REQUIRED ACTION: Write out the lines of the material below exactly, beginning at the line with "Nightingales TV Shows About Nursing" and stopping after the line with "GUESS × atmos", and leave out the pictures.

MATERIAL FOR THE TASK:
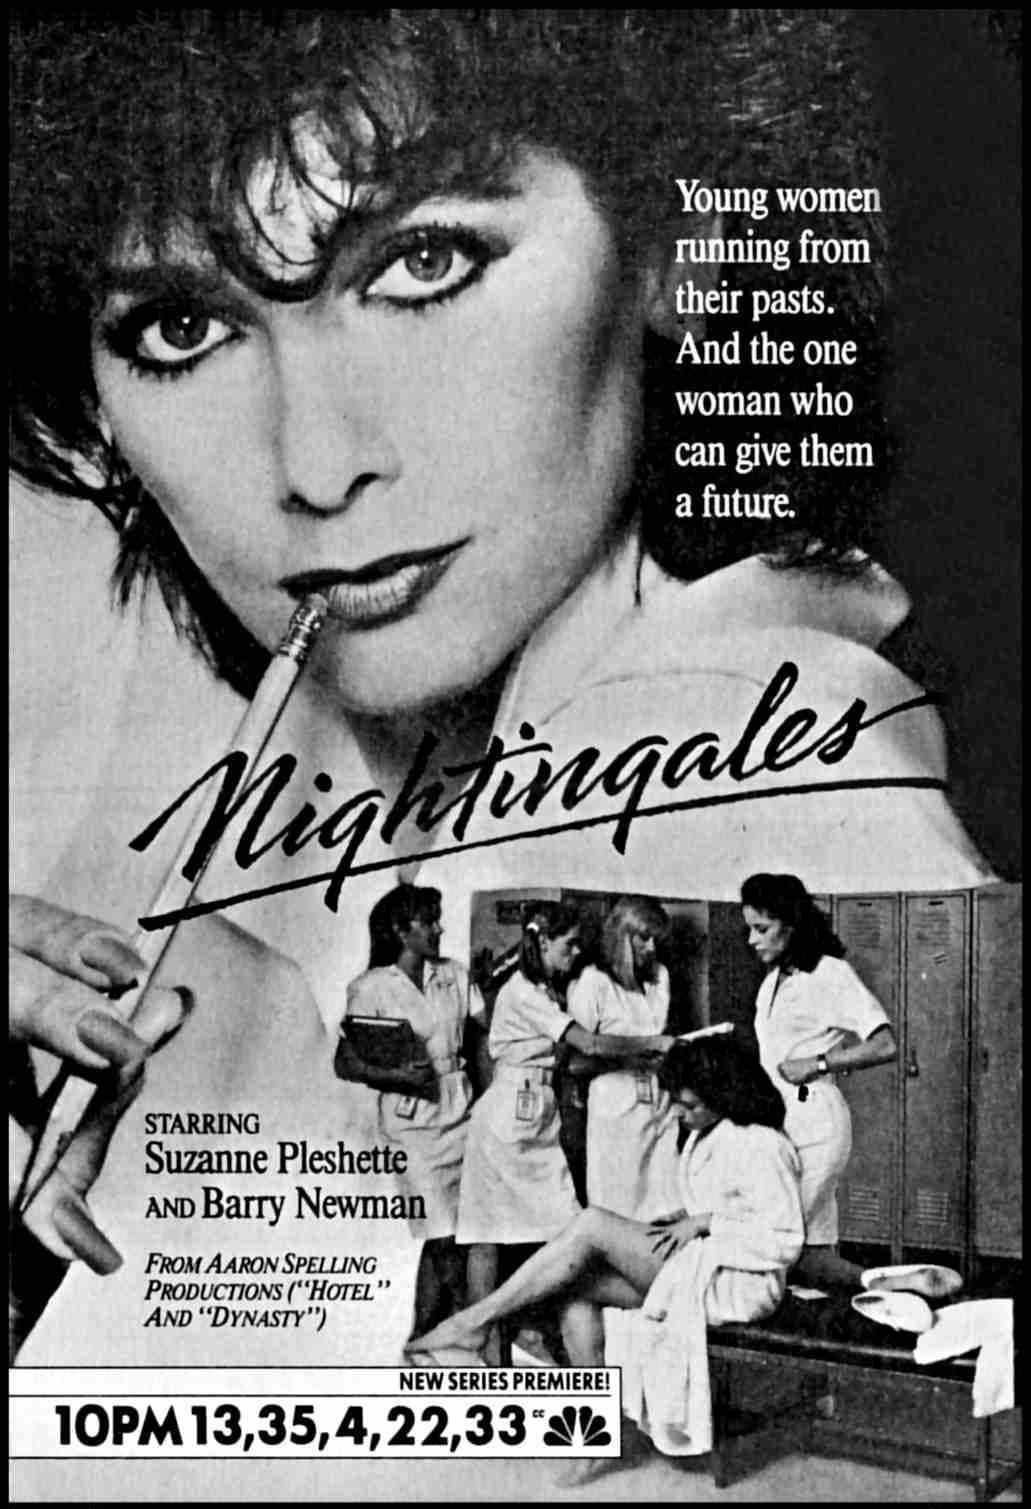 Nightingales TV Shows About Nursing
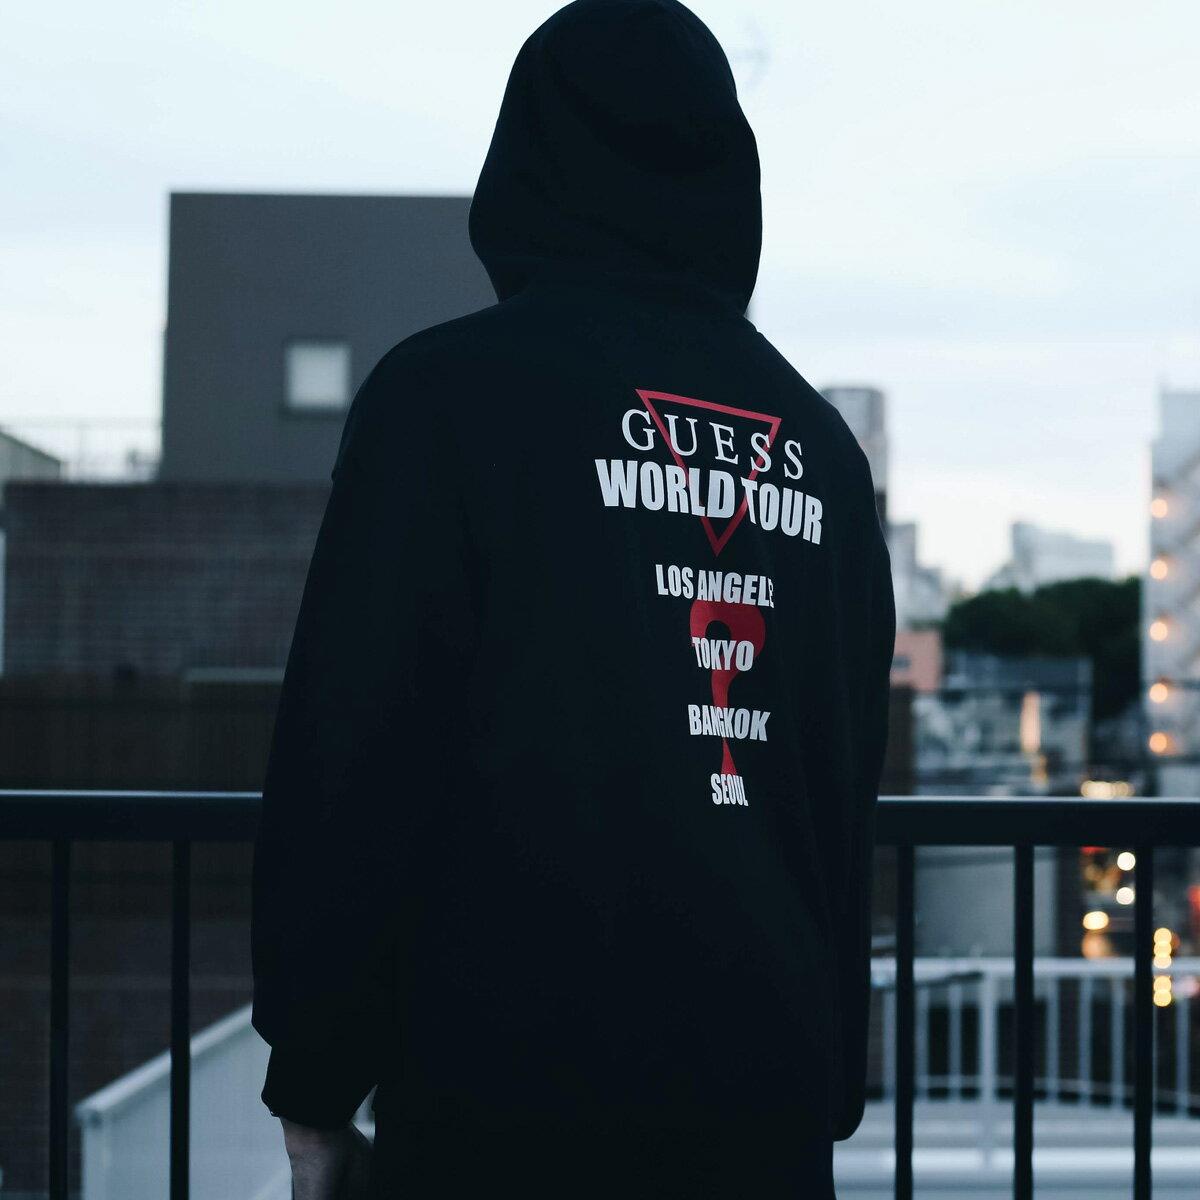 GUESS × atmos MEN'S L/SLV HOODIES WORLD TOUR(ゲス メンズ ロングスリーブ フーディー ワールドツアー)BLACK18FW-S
--
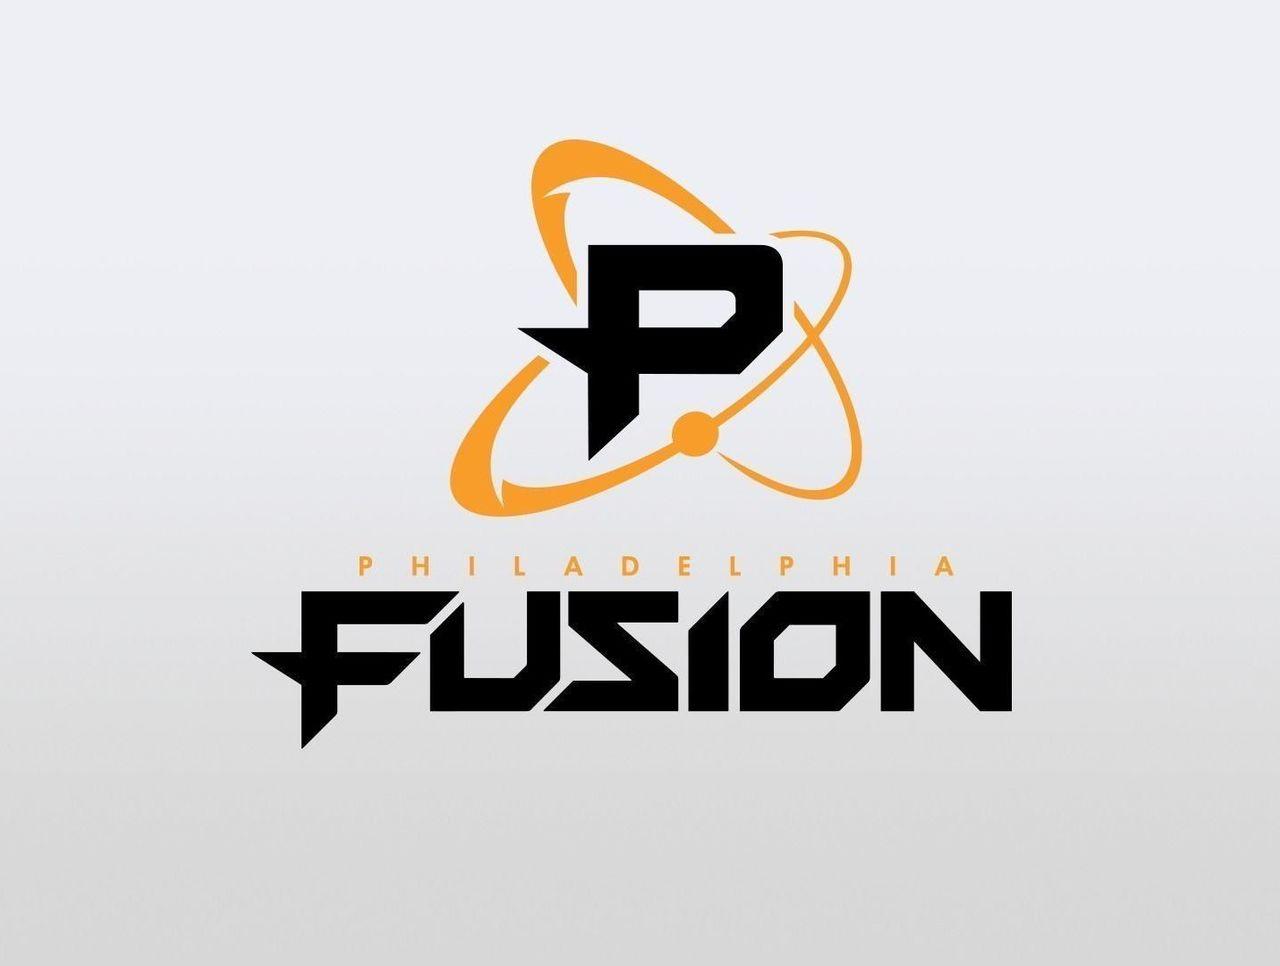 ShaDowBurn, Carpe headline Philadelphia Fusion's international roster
...
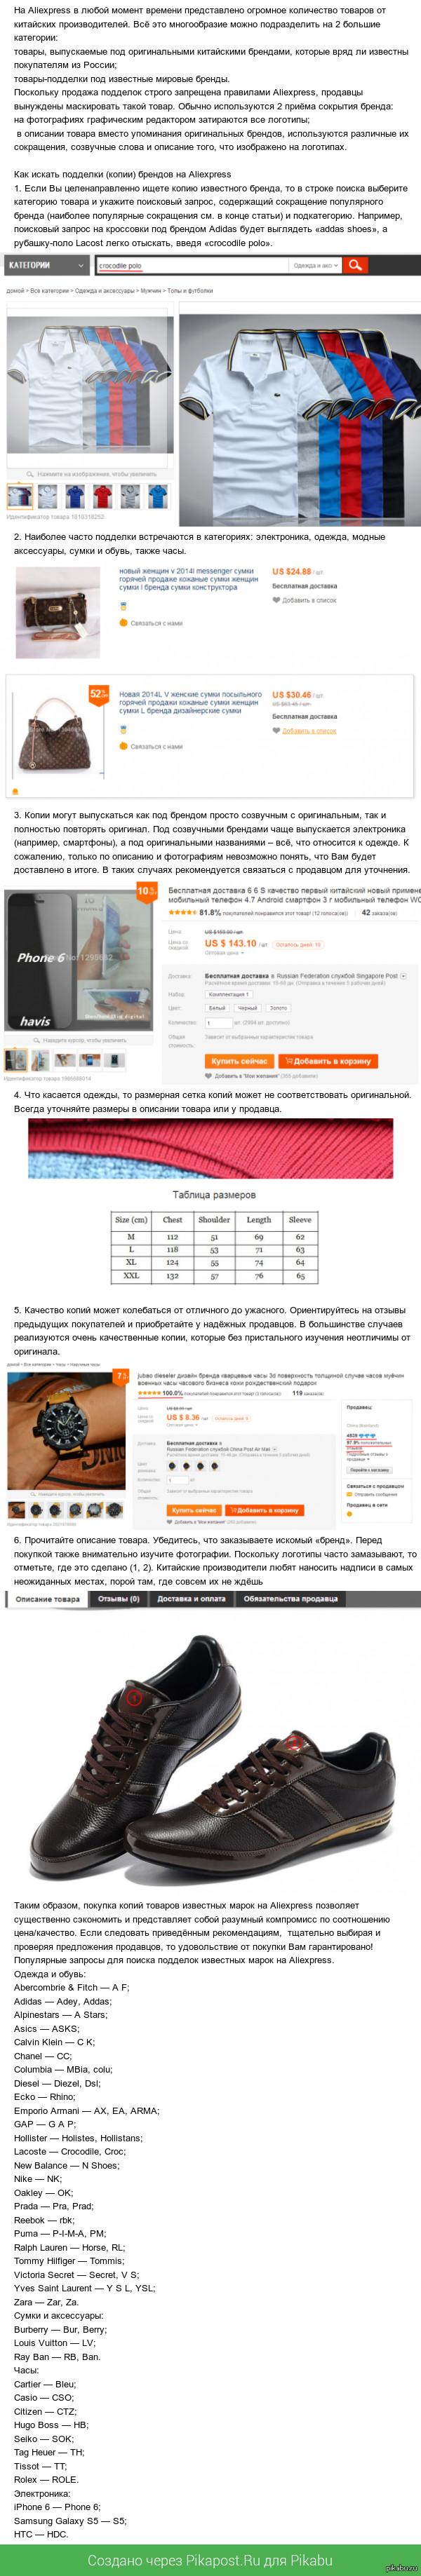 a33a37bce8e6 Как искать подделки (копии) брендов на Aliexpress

OUTPUT OF THE EXERCISE:
 Nightingales TV Shows About Nursing
 GUESS × atmos MEN'S L/SLV HOODIES WORLD TOUR(ゲス メンズ ロングスリーブ フーディー ワールドツアー)BLACK18FW-S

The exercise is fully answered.